**Exercise requirements:** I'd like every entry transcribed word for word, with no pictures.

Data entries
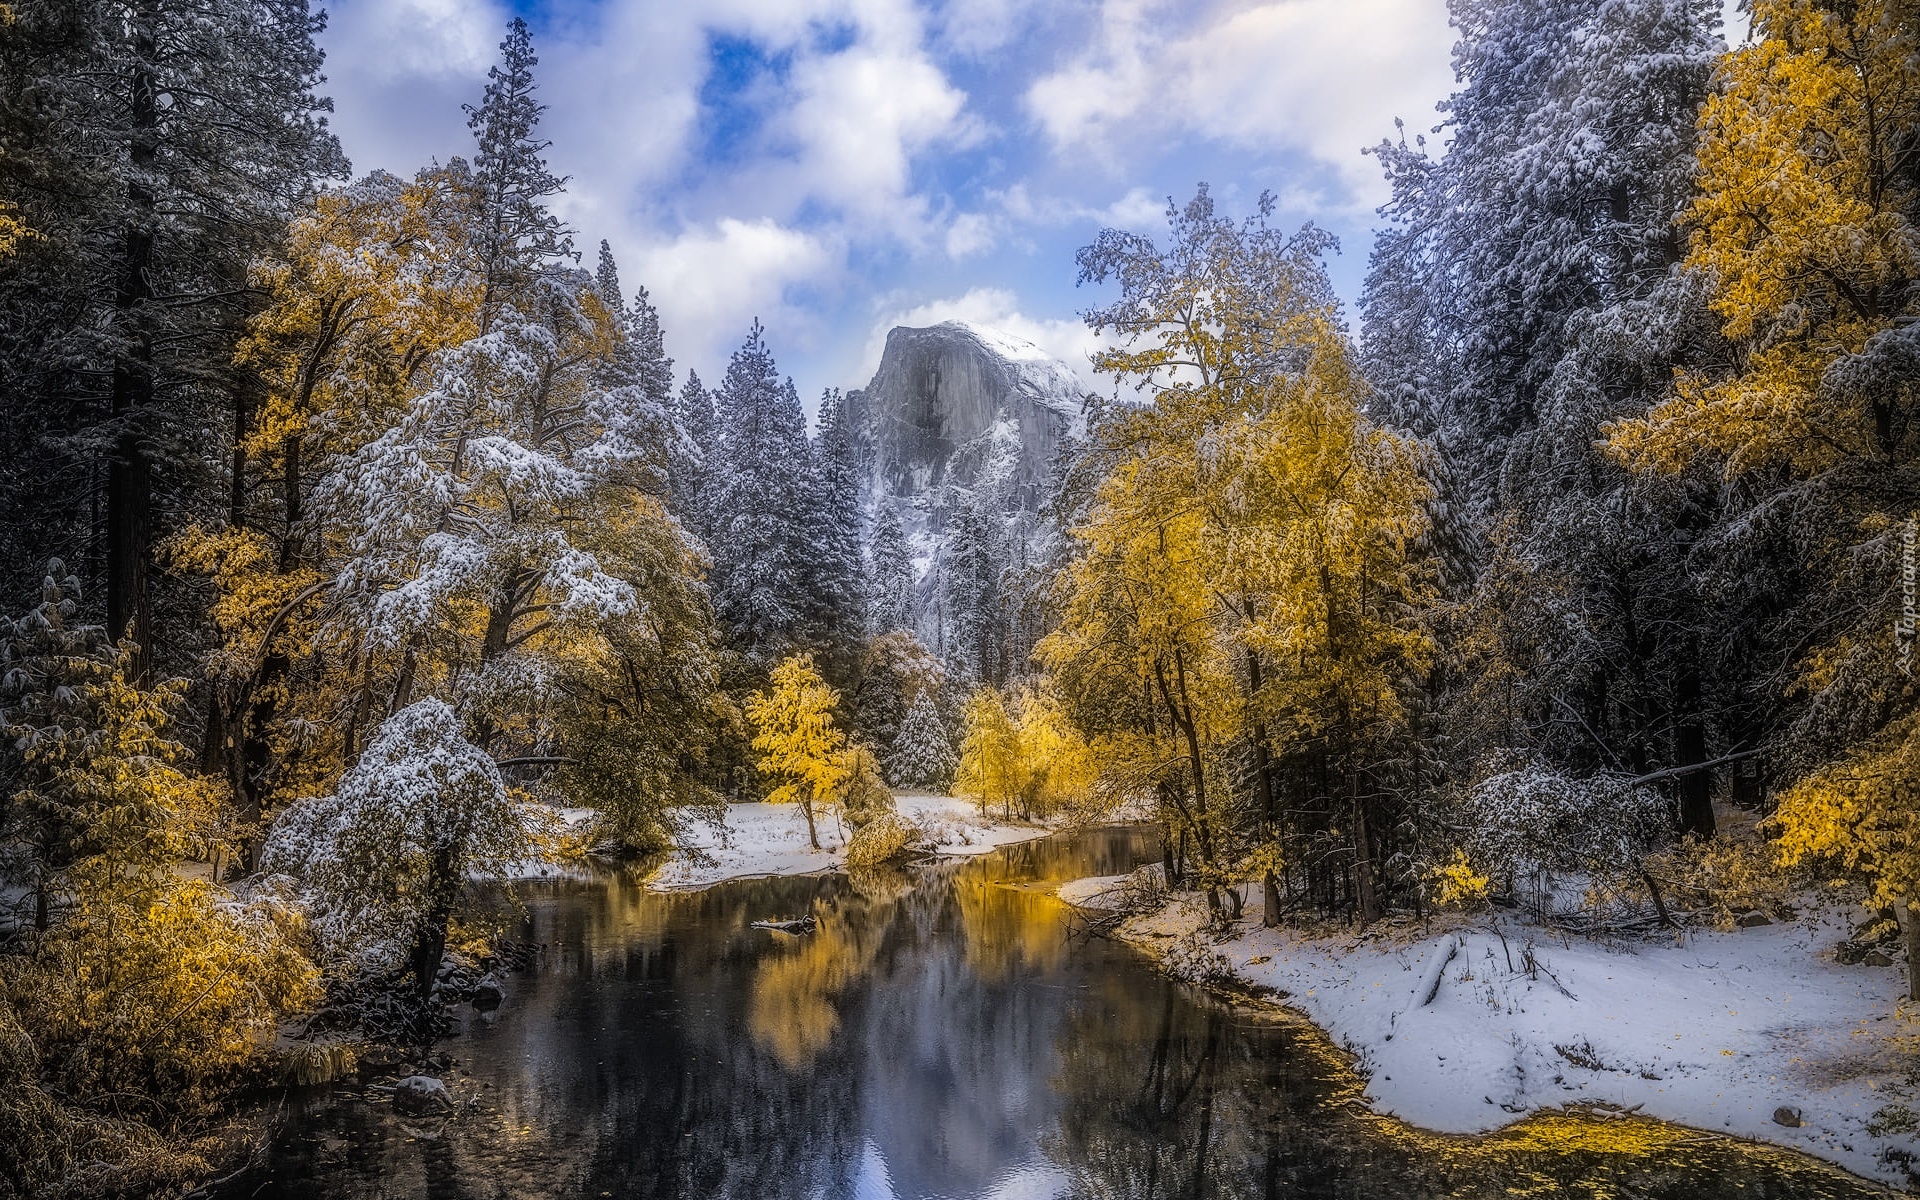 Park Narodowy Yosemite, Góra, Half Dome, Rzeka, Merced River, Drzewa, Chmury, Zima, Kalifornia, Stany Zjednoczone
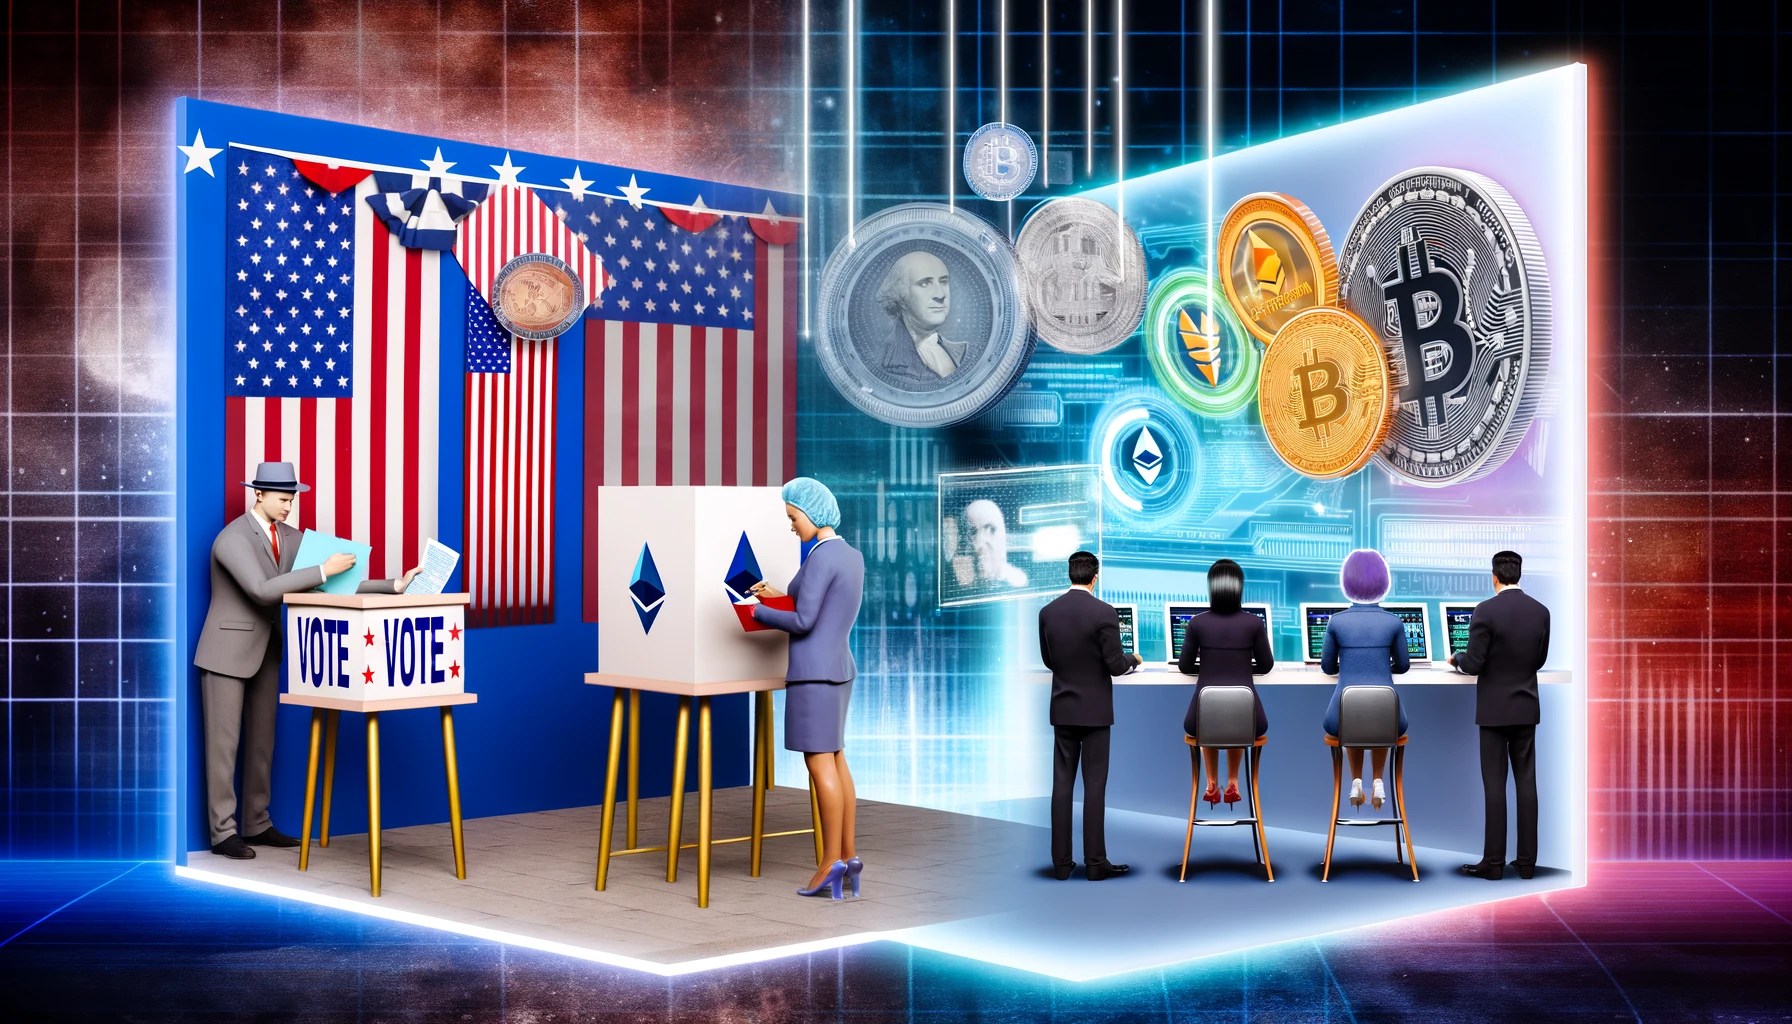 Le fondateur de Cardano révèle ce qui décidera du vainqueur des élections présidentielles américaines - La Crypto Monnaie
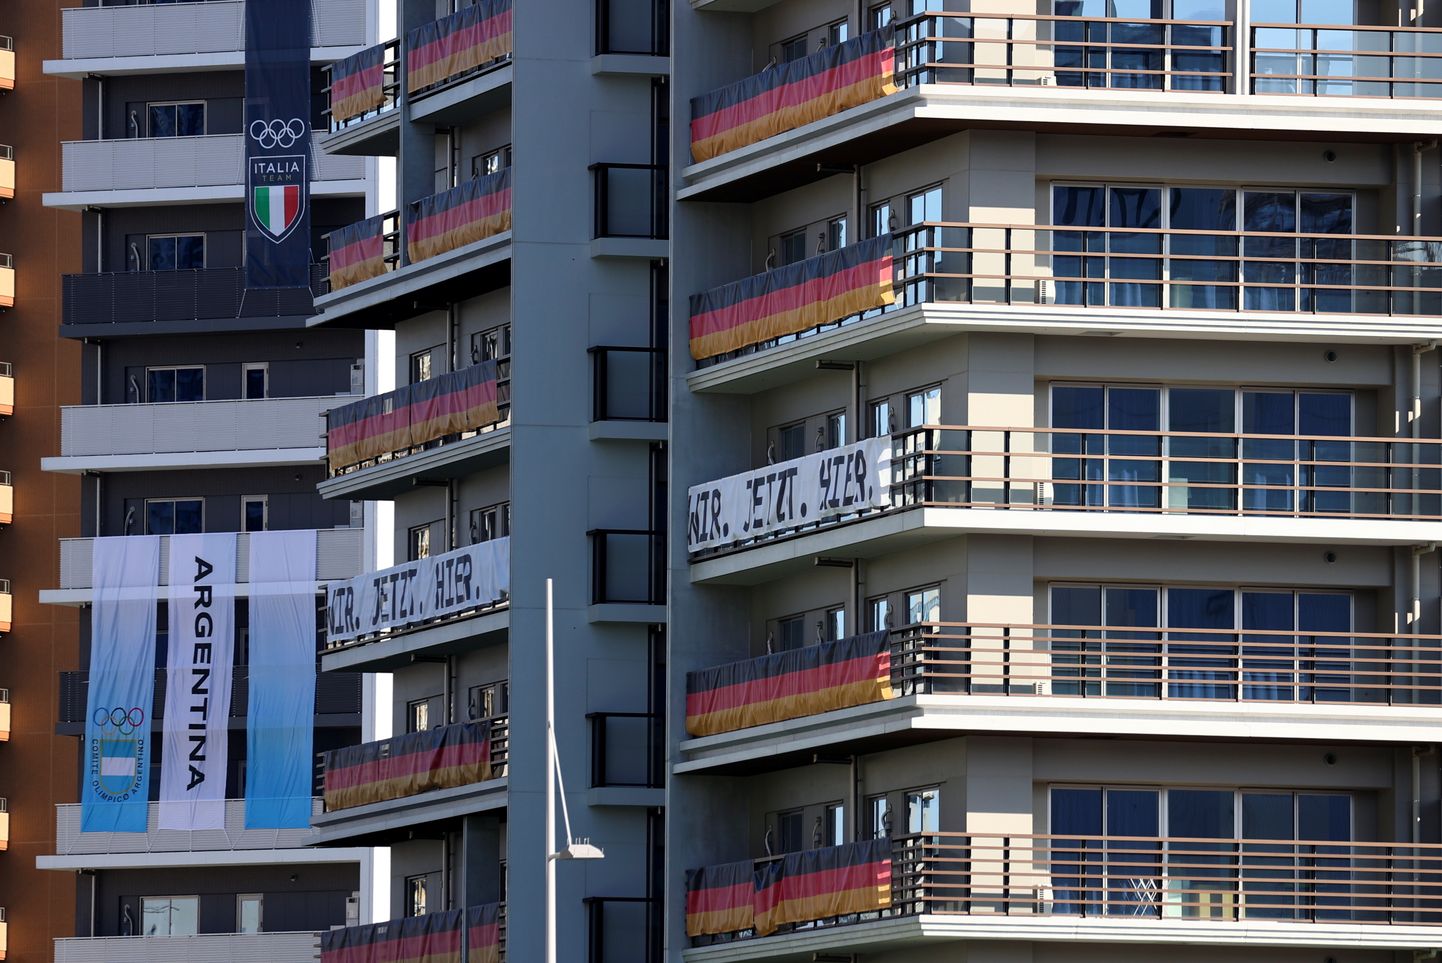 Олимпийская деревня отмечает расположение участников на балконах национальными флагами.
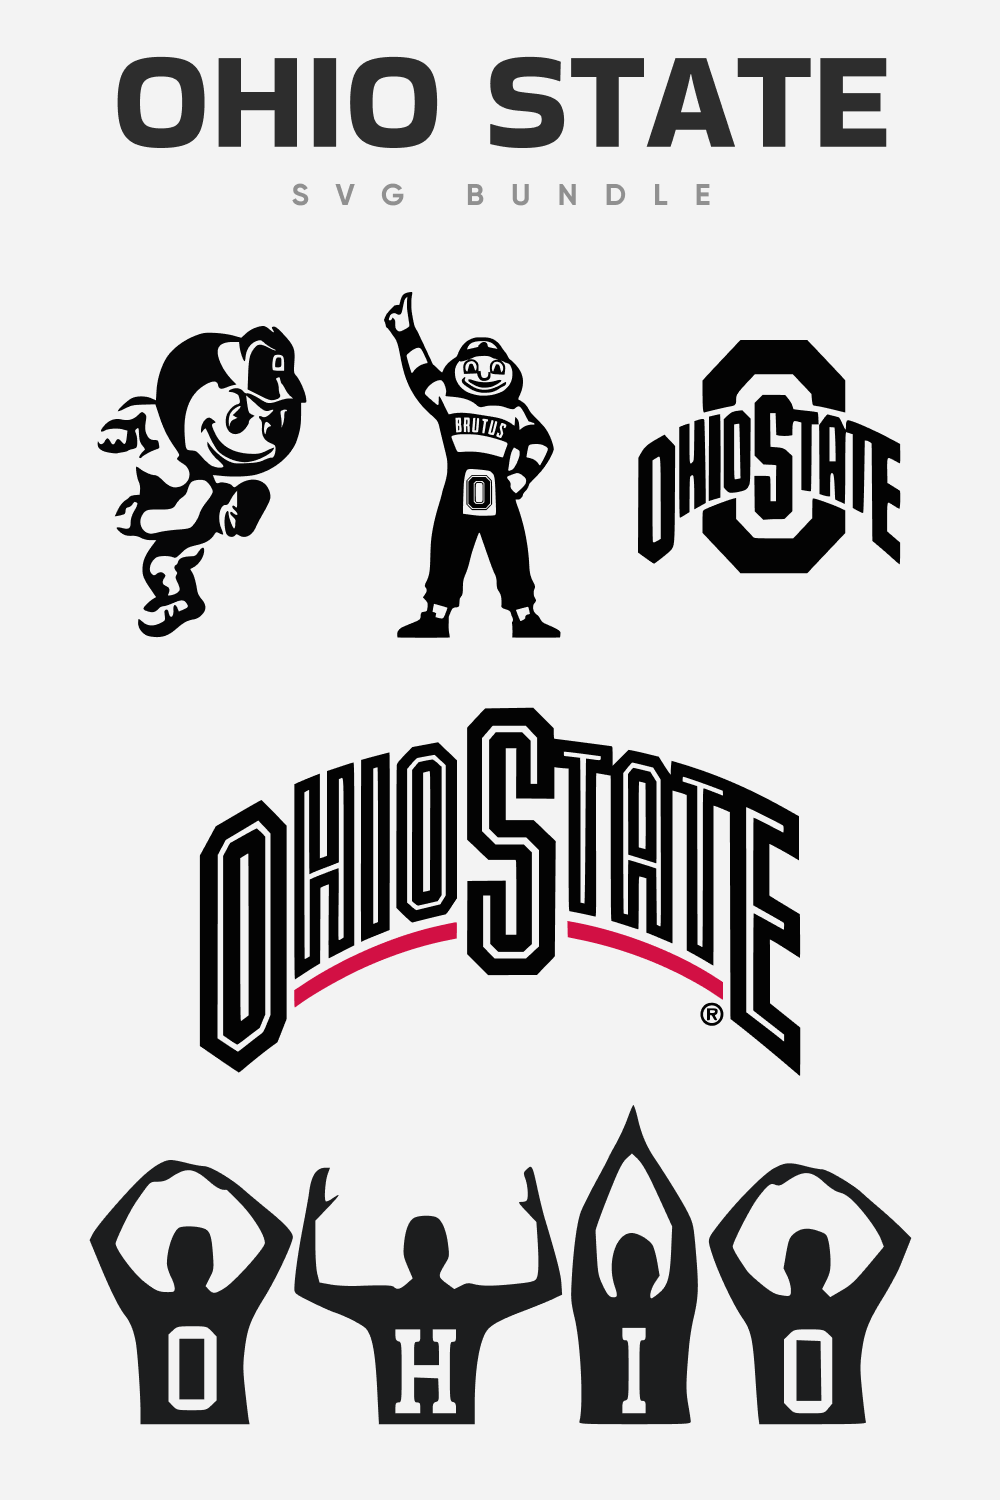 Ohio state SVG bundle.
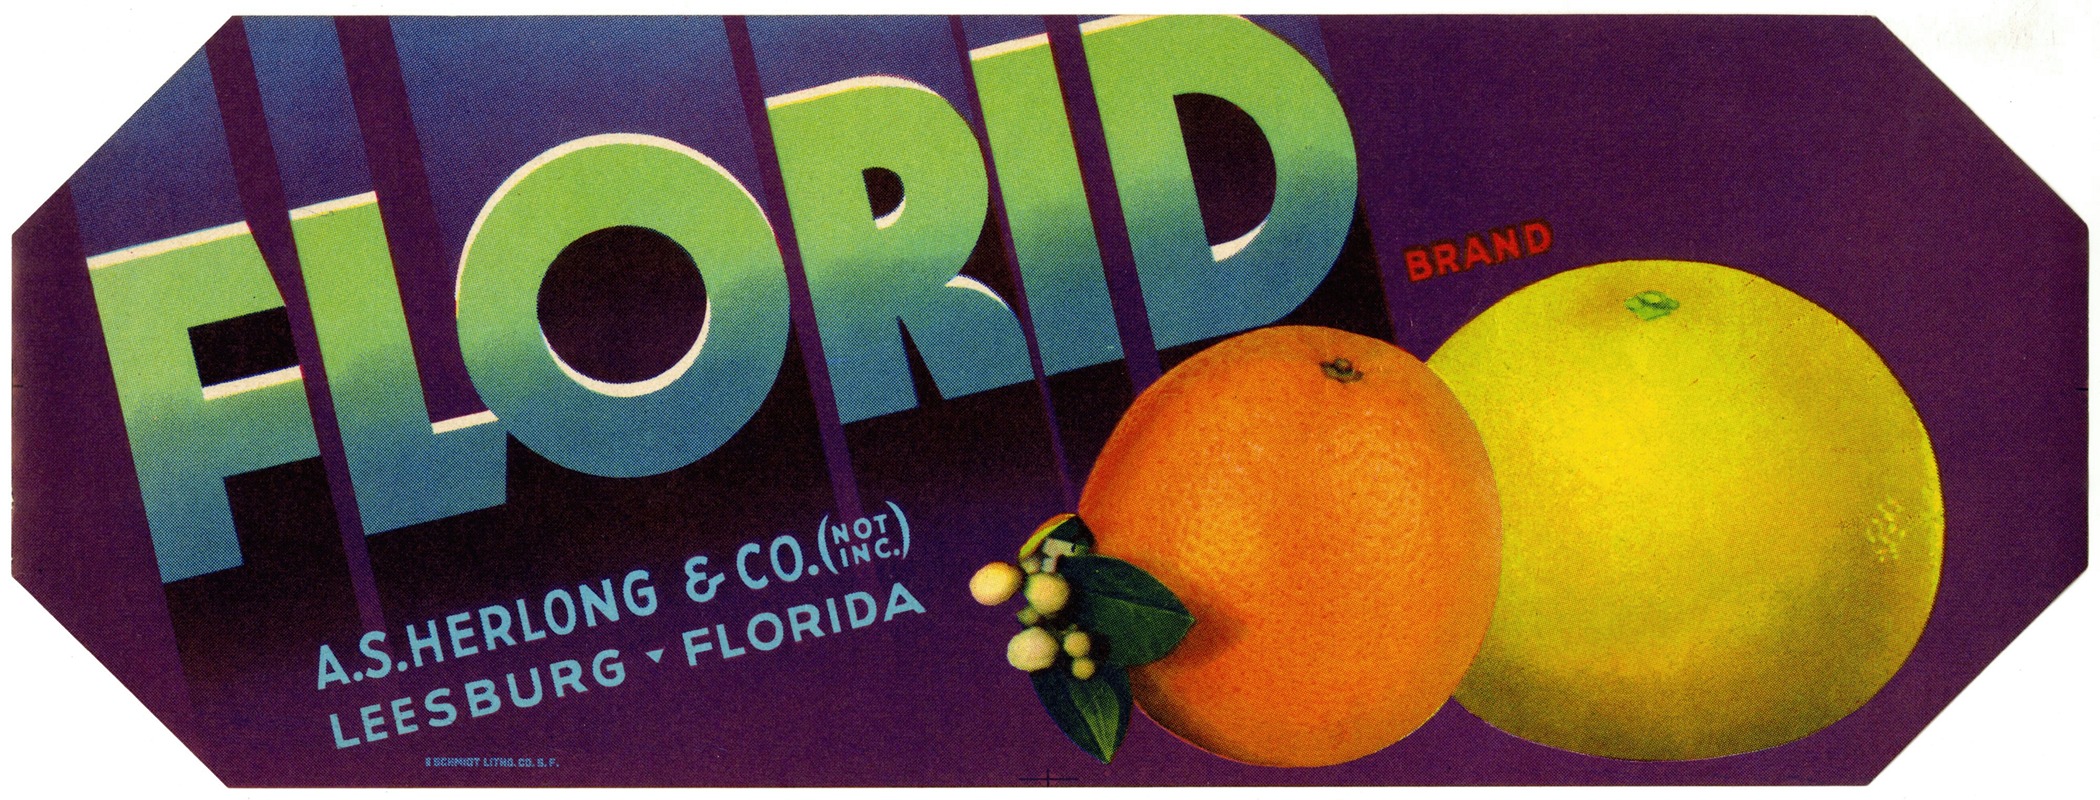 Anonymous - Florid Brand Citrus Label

**Task solution:**
 Park Narodowy Yosemite, Góra, Half Dome, Rzeka, Merced River, Drzewa, Chmury, Zima, Kalifornia, Stany Zjednoczone
 Le fondateur de Cardano révèle ce qui décidera du vainqueur des élections présidentielles américaines - La Crypto Monnaie
 Олимпийская деревня отмечает расположение участников на балконах национальными флагами.
 Ohio state SVG bundle.
 Anonymous - Florid Brand Citrus Label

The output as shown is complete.